Conservatives must become more, and not less, conservative. For many decades now the left has denounced the right, saying that its claims to “traditional values” was no more than demagoguery and power politics. There were many wide-eyed conservatives like myself who thought this no more than a nasty smear. When Republicans attempted to impeach Bill Clinton in 1998 over his sex scandal, they claimed that a political leader needed to be morally upright for the health and stability of the nation. This was not about “politics,” they maintained, but about truth, goodness, justice, and virtue. They said that Bill Clinton’s impeachment was about the integrity of the family. They lied. They lied and we all know them for liars because these same people now endorse a serial adulterer, a man who has destroyed the poor in his casinos, built a campaign off of racist and Islamophobic demagoguery, and profited off of slave labor to build his hotels in the Middle East.
Still, many of these politicians and faith leaders have maintained that they are voting on the issues and not with reference to Trump. This might sound like an appeal to the mystique of issues over against the politique of candidates. But it is only a masquerade. Trump is in his very own person both a mystique and a politique of power. He is a charlatan, a womanizer, a sexual predator, and a bully. Even (in the unimaginable scenario) where Trump both won the election and kept all of his promises (for the first time) to defend the unborn, conservatives would still win the culture war in the American legal system only to completely lose the actual culture. A man who boasts of sexual assault and his adultery with married women will finally turn the sexual revolution of the 1960s into the new normal. He will instantiate a new mystique of limitless, twisted machismo; a politique of making every compromise to gain the throne of his desires. He would bring the moral relativism we have all feared to its perfect completion.

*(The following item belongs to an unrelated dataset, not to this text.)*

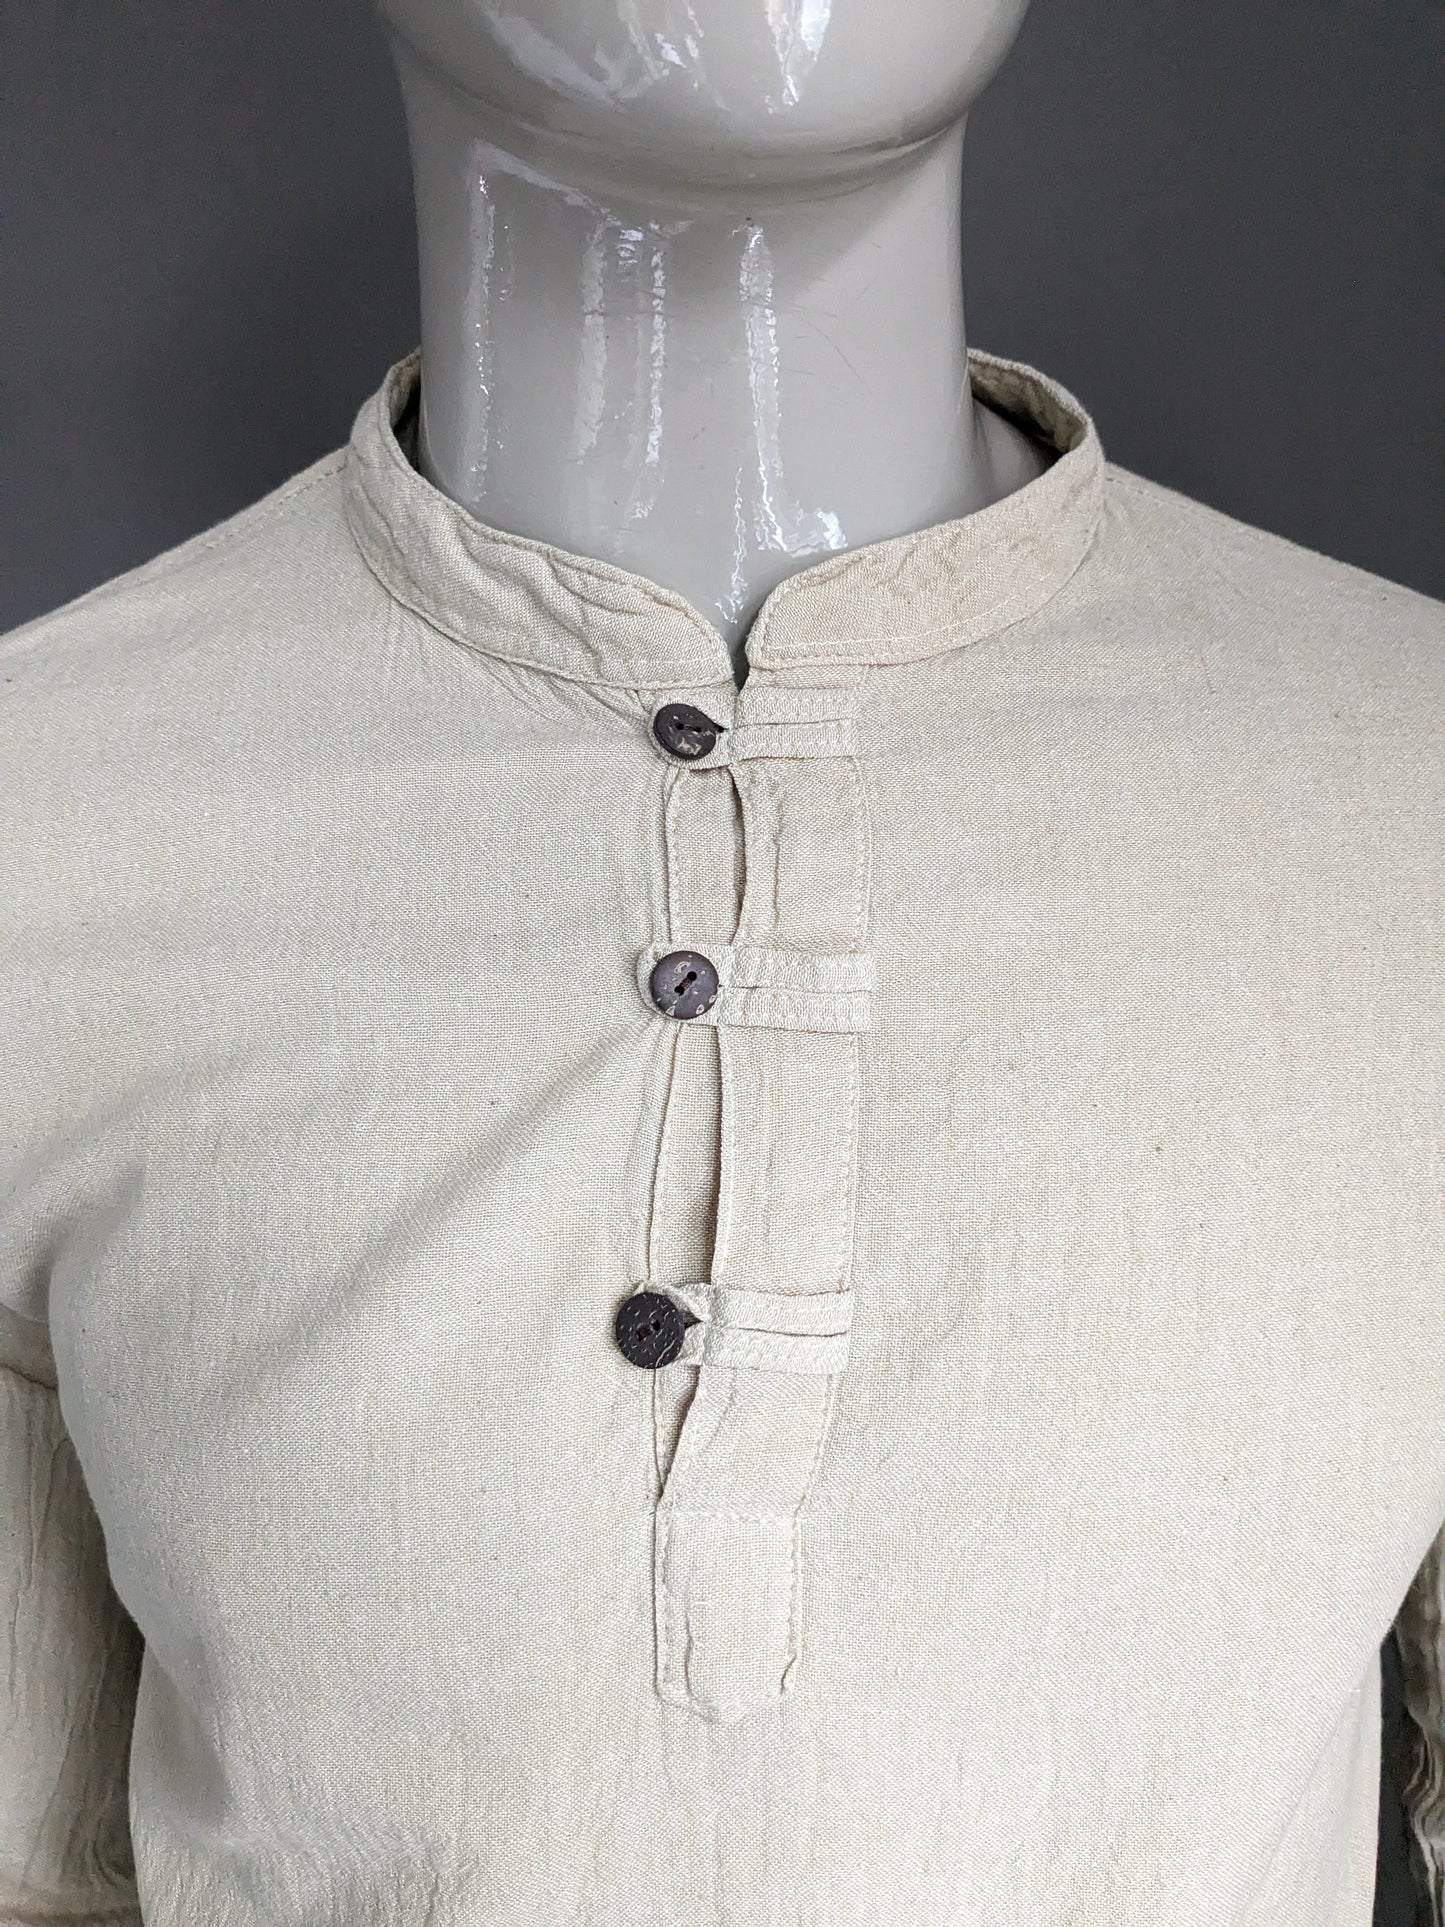 Vintage shirt / longsleeve lange mouw met knoopjes en Mao / opstaande kraag. Lichtbruin. Maat M.
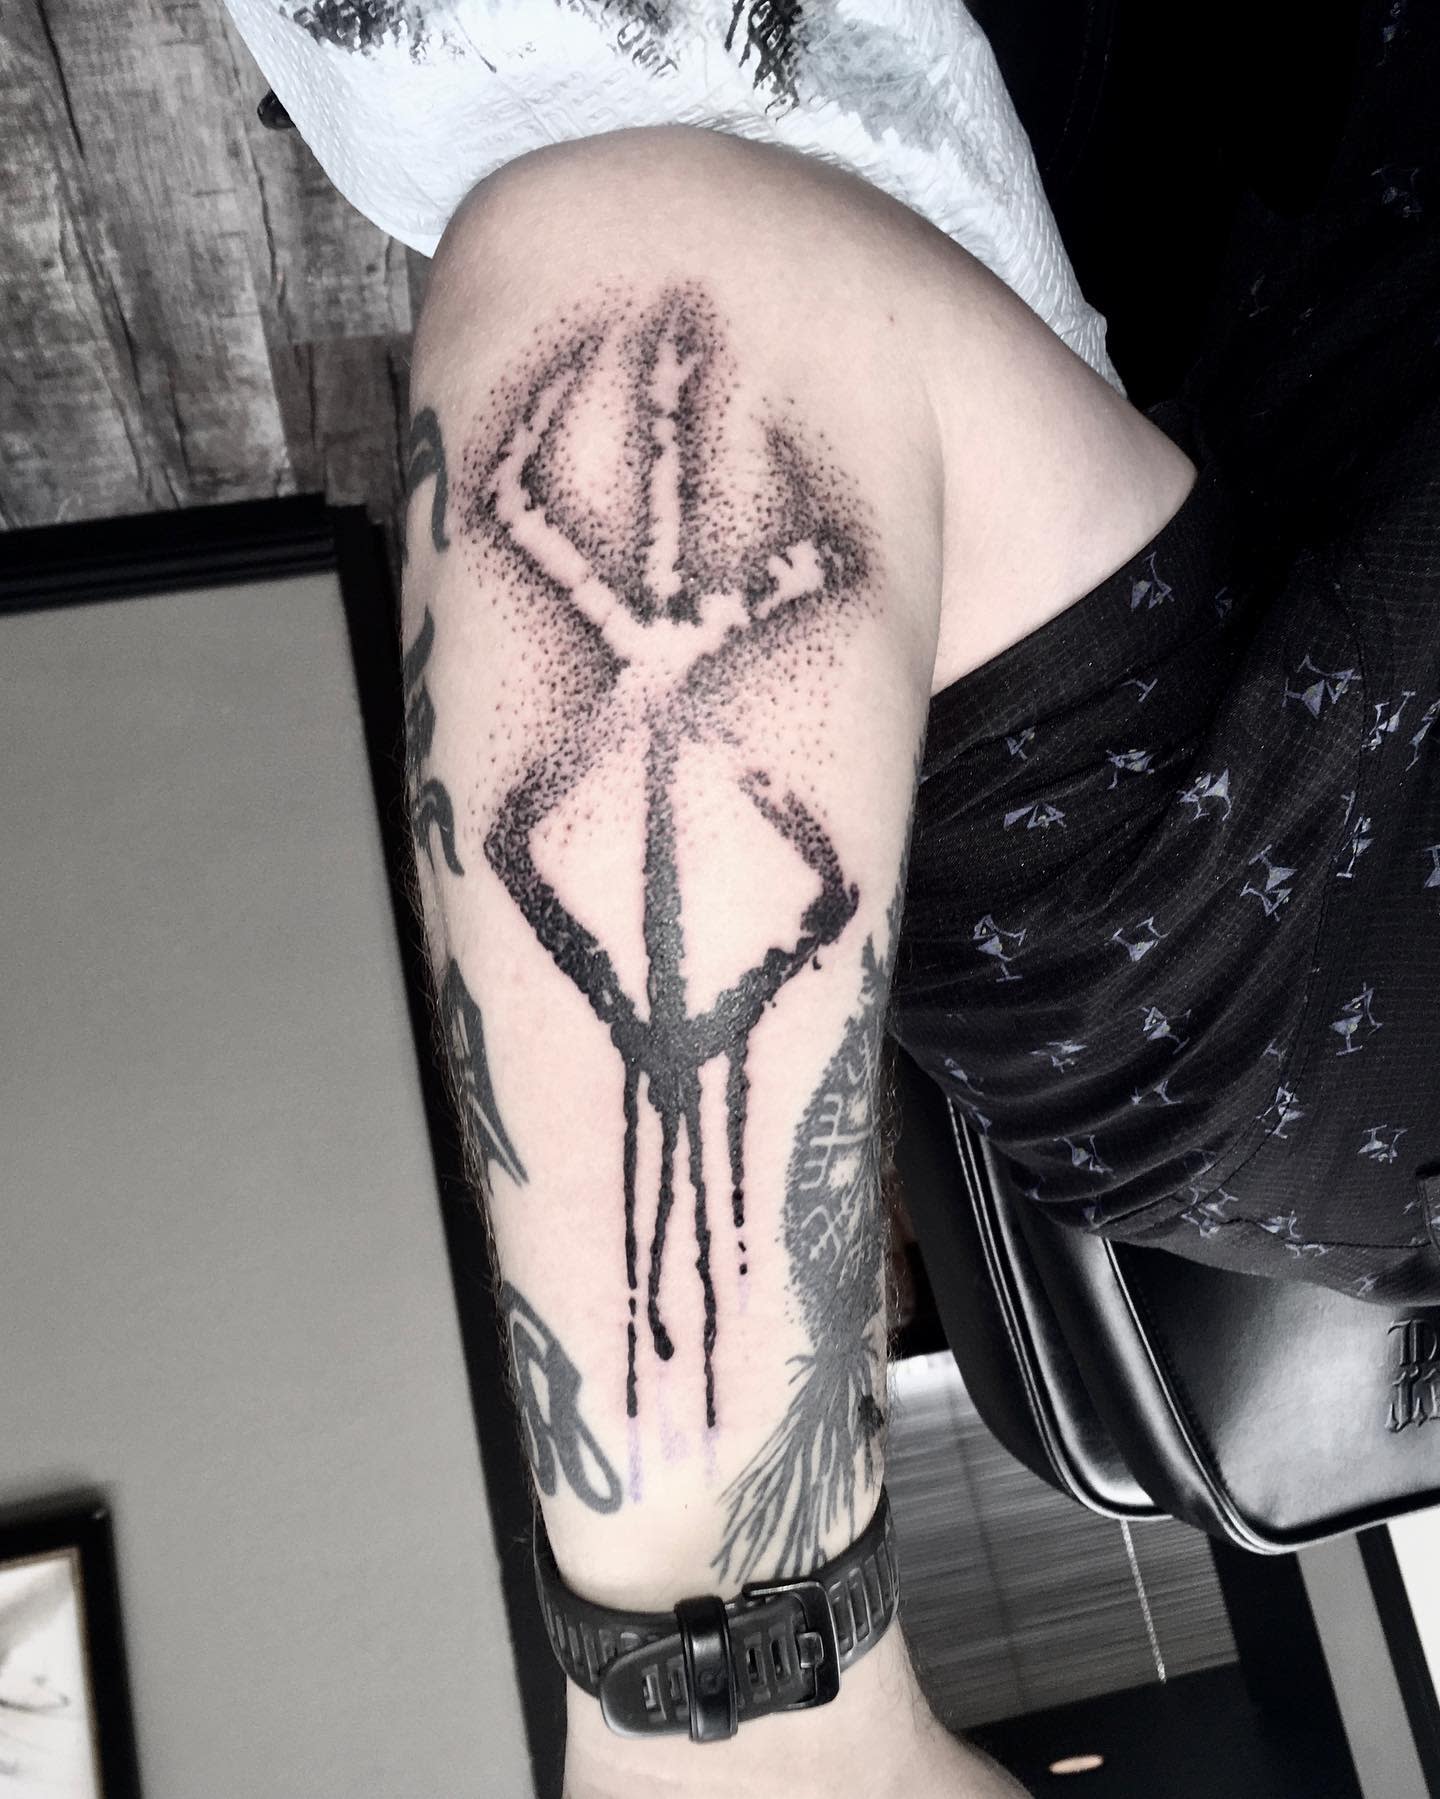 Plant Daddy  Twitter પર Forever marked with the Brand of Sacrifice  berserk tattoos httpstcoyVRynGfsJv  Twitter

Péguy offered an alternative to the destructive politiques of his day: to betray the Machiavellian calculations of politics. We will be called ‘traitors’ for our refusal “to enter into the derivative, parasitical, devouring politique.” And yet we must be such ‘traitors’ so that we do not become true traitors: those who sell their faith, their souls, and give their very selves up. We must not betray our faith, our ideals, or our values for a political victory. We must discern the dividing line between mystique and politique and refuse to budge over it. We can go no further, for, as Péguy warns,
Continuing, persevering, in that sense, is all that is most dangerous to justice and to intelligence itself. To take one’s ticket departure in a party, in a faction, and never to bother where the train is rolling to, and above all, what it is rolling on, is to put oneself resolutely in the very best situation for becoming a criminal.
In our desperation to win the culture war, we must not follow the path of wicked Saul, who called upon the Witch of Endor to shore up his position. We cannot afford the disastrous, Pyrrhic victory that awaits us there. We must be better conservatives. We must be better liberals.